Years pass and Sharon discovers more about herself, or it is not so much discovery as acceptance and application. With horror, she finds that she enjoys running. She makes choices, like quitting painting. Sharon begins writing romance, something she had thought silly, but now brings every version of her into harmony. She and Roy adopt an eight-year-old girl, because the thought of motherhood, once intolerable, becomes not a duty pressured by culture, but a desire that stands upon firm ground.
On the tenth anniversary of Sharon’s disappearance, she watches an interview on the morning news as she eats a bagel with a side of grapes. Kenneth sits next to his wife, a woman with red hair who watches his mouth as he speaks.
“I accepted long ago that she’s gone,” he tells the interviewer. “I think that means dead, but if she’s still out there, I hope she’s okay.”

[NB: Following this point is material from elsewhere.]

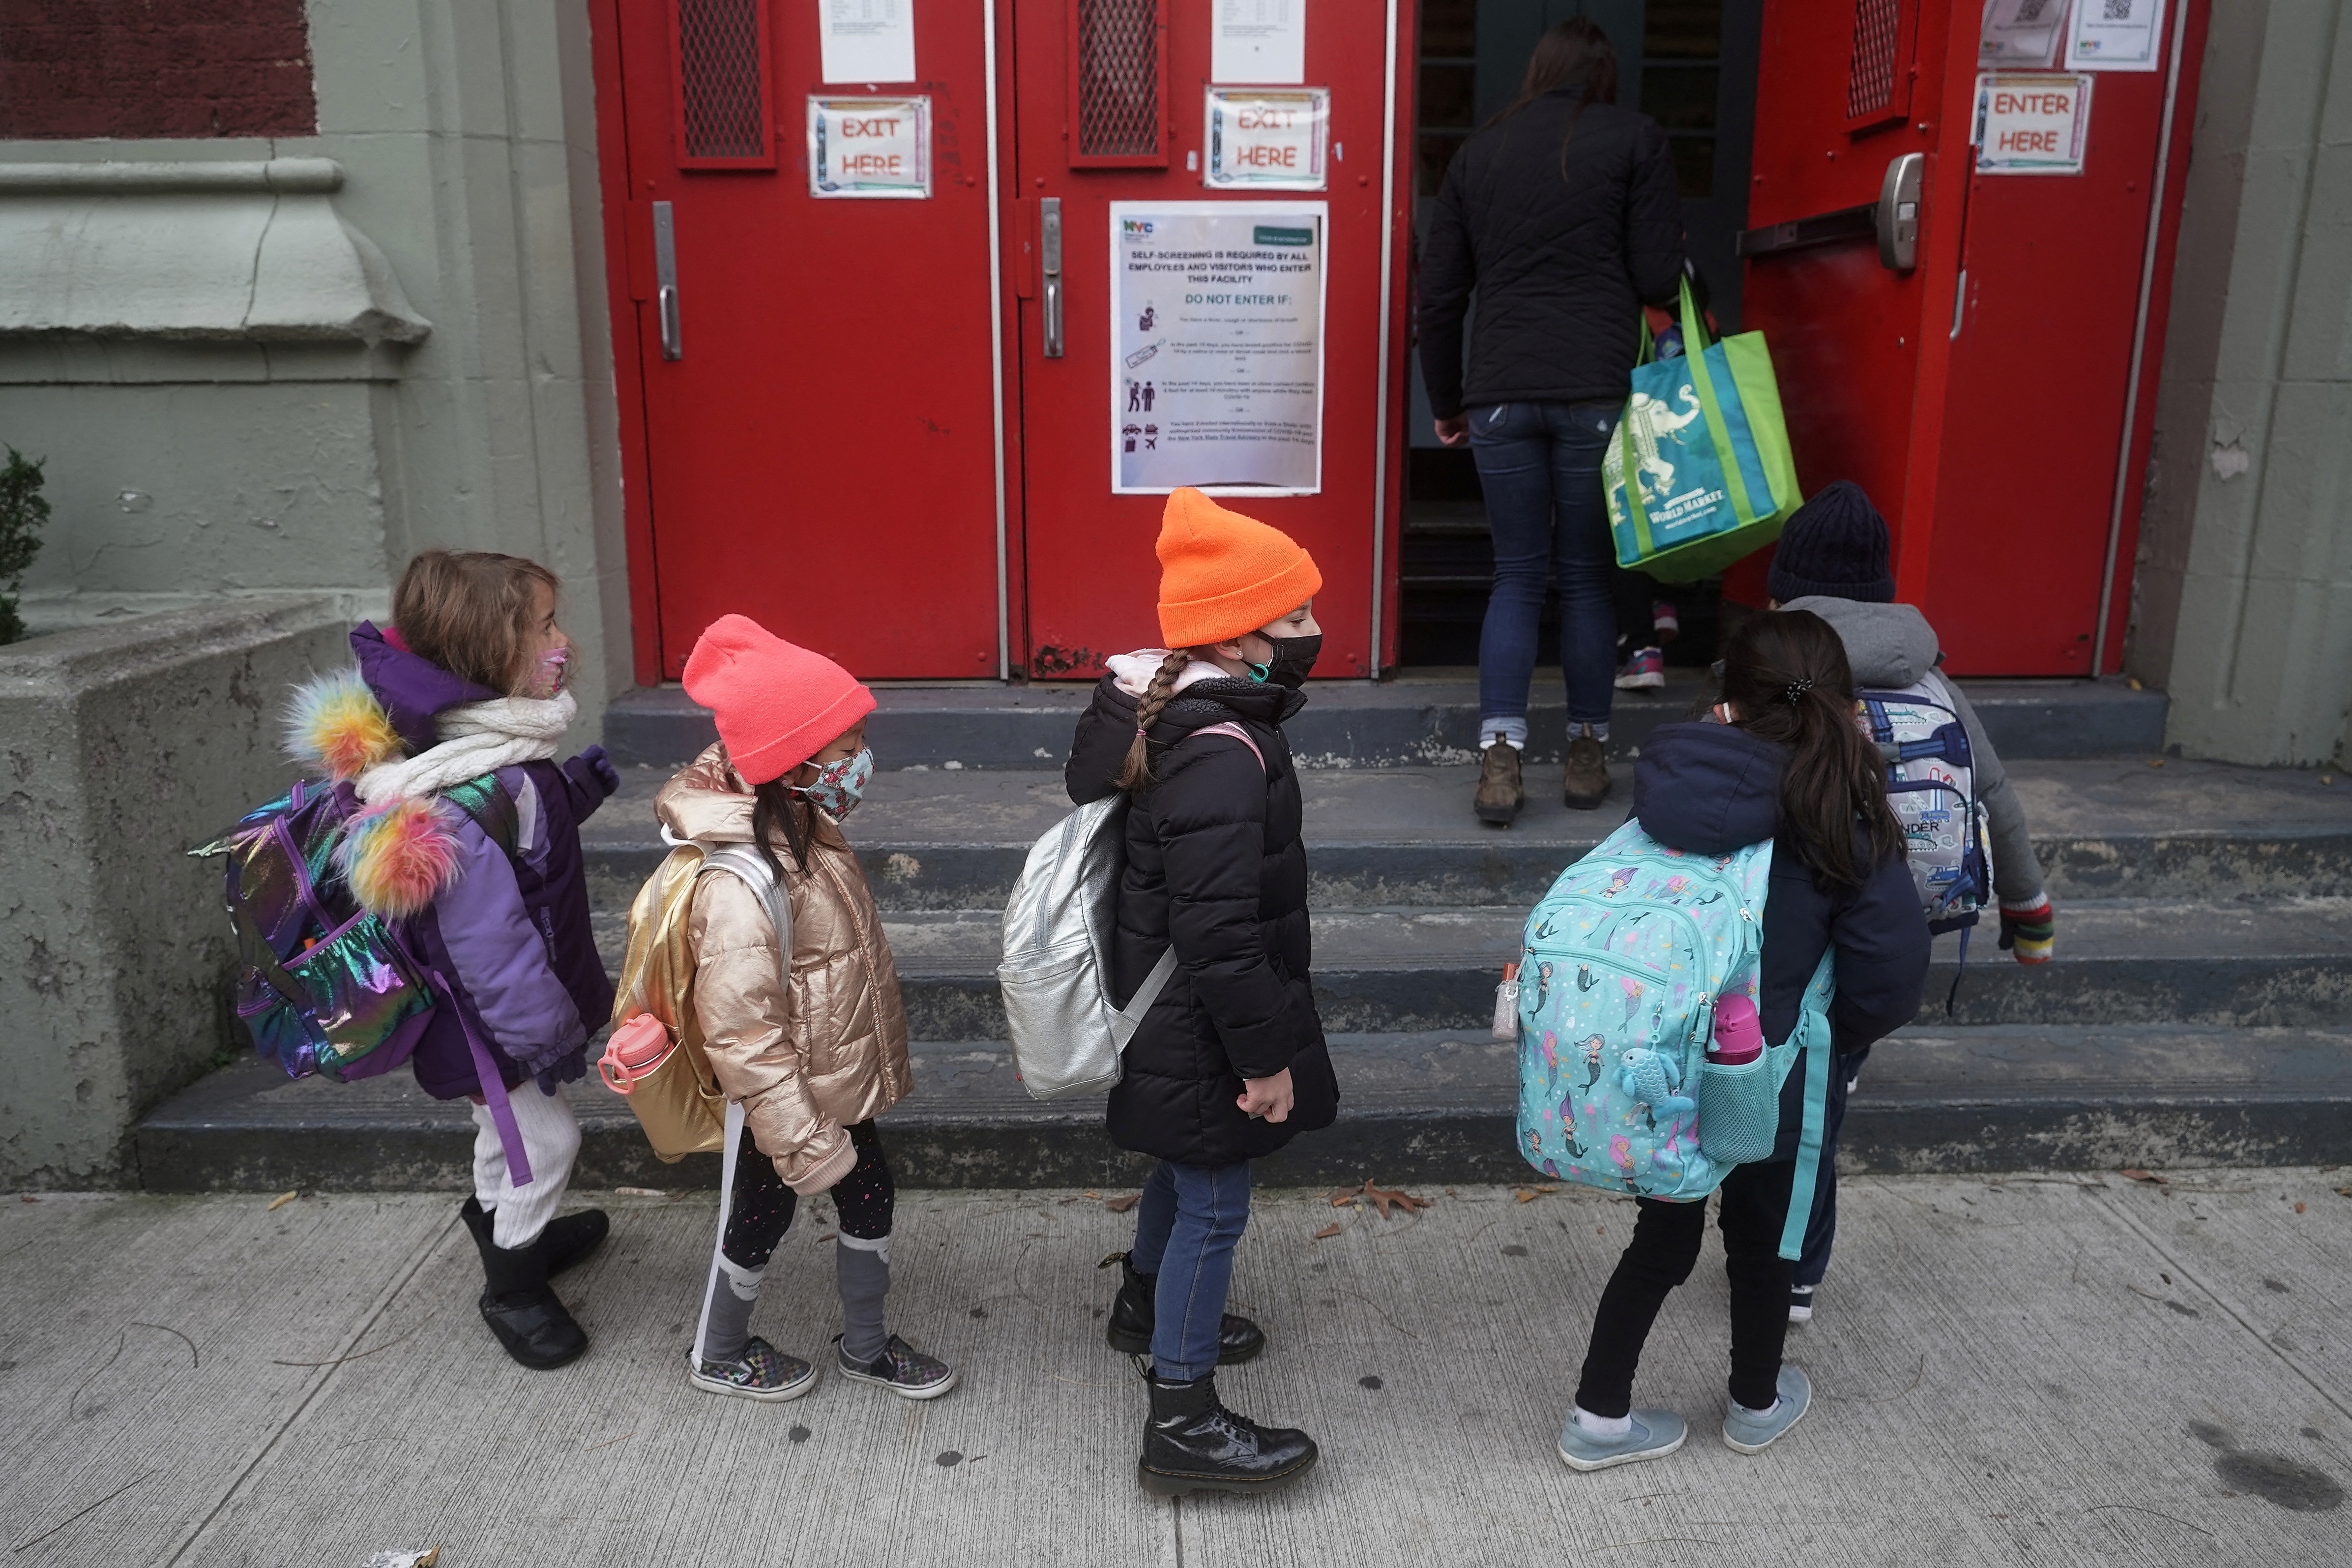 Children line up to attend class at PS 361 on the first day of a return to class during the coronavirus disease (COVID-19) pandemic in the Manhattan borough of New York City, New York, U.S., December 7, 2020. REUTERS/Carlo Allegri/File Photo

Sharon turns off the TV. She put her hair into a ponytail and dabs sparkly gloss onto her lips. When she reaches the stained-glass front door, she turns around. She inhales and her chest rises to the ceiling. On impulse, she runs to the library and grabs a pen and paper. She writes “Welcome home, my little collegiate!” in pink ink. Her daughter, Elaina, is returning from her first semester of college for winter break. She knows the sign will embarrass Elaina, but also that her daughter would expect this from her.
She parks the Beetle, and when she gets to the lobby of the terminal, she can’t remember if she’d written down where she had parked. She pulls a piece of paper out of her purse, wrinkled and faded, that says Level 3, Row Q. Sharon walks through the loners looking, the couples kissing, the family eating as they wait for luggage, and makes her way to the barricade. She holds the page in front of her chest and waits for Elaina.
A few minutes later, a boy approaches her. He has dark curls and wears cargo shorts. “Mom,” he says, throwing his arms around her. “Can we get wings on the way home?”
Sharon’s throat constricts. “No,” she squeaks.
“Come on. Please?” the boy asks, a whine and a crack breaking up the depth of his voice.
Sharon follows him out of the airport, looking back every few steps.